I got a NcStar light and it was 23.00 from Amazon. It’s a single cell light and does a good job of laminating. There are 2 cell light for a little more but all are going to stick out over the barrel. They are designed to do that; it’s why the front of the lights is scalloped. They call it tactical but it so you can gouge someone if need be. 

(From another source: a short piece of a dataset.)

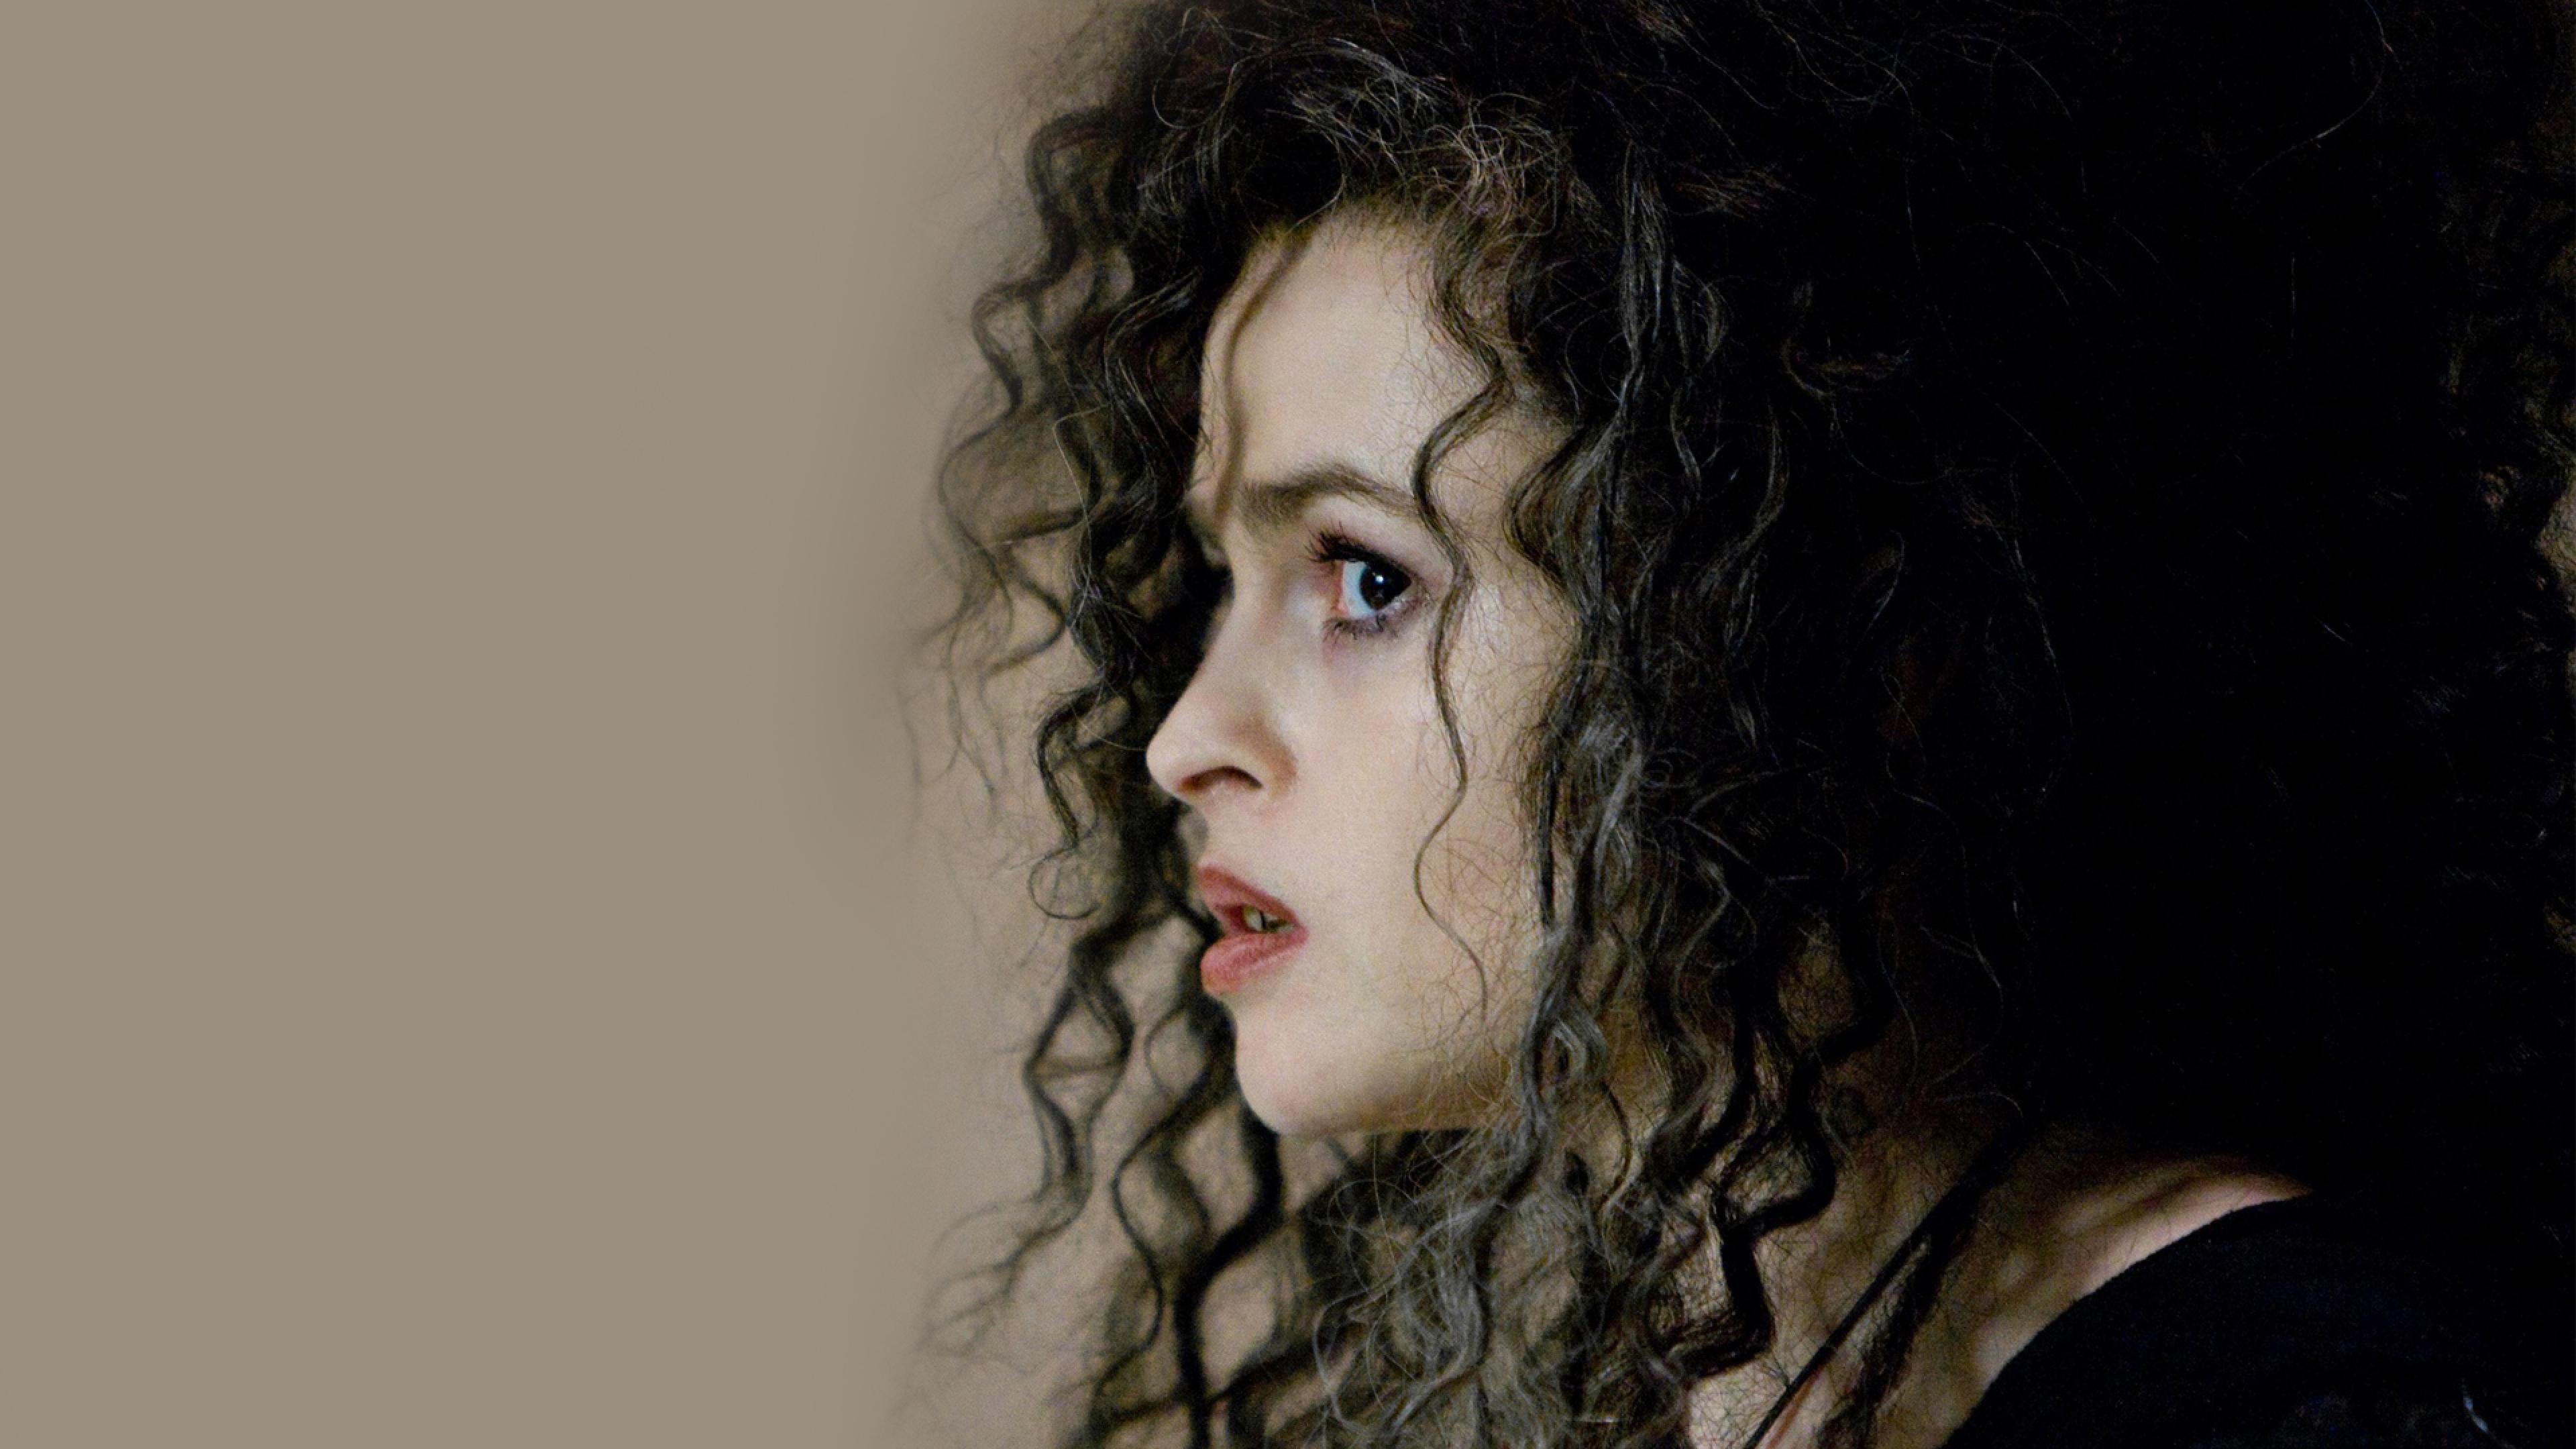 Helena Bonham Carter Anger Image 4K Wallpaper, HD

It serves a second purpose; when the light sticks out over the barrel it you can’t knock the slide out of battery pressing up against something or someone


----------



## chessail77 (Mar 15, 2011)

+1 on the TLR-1 ...have one on my Sig and love it .....they are solid and dependable....Optics Planet had them for right at 100. and free shipping...if you check they also might have a discount code available on line to bring it below your budget....JJ


----------



## Brevard13 (Nov 28, 2010)

I have a tlr-3 on my m&p .40c. Not a bad light at all. For a glock I would recommend the glock light without the laser which is what I had on my 30sf. I actually liked it better than the tlr-3. It was so much easier to slide on and off. Brightness is alittle better with the streamlight but not by much. IMO the glock light just looked better, and with the ability to just pull down the levers and slide it off it was much better than using a tool to help lock in place like with the streamlight. Plus it was a lot cheaper for the glock light


----------



## pexcomike (Apr 4, 2013)

Returning my Streamlight TLR 1 ...will NOT fit my Beretta PX4 Storm in COMPACT...will fit the full size..opted for the TlR-3..weighs less due to the polymer body andwill fit my compact...just FYI


----------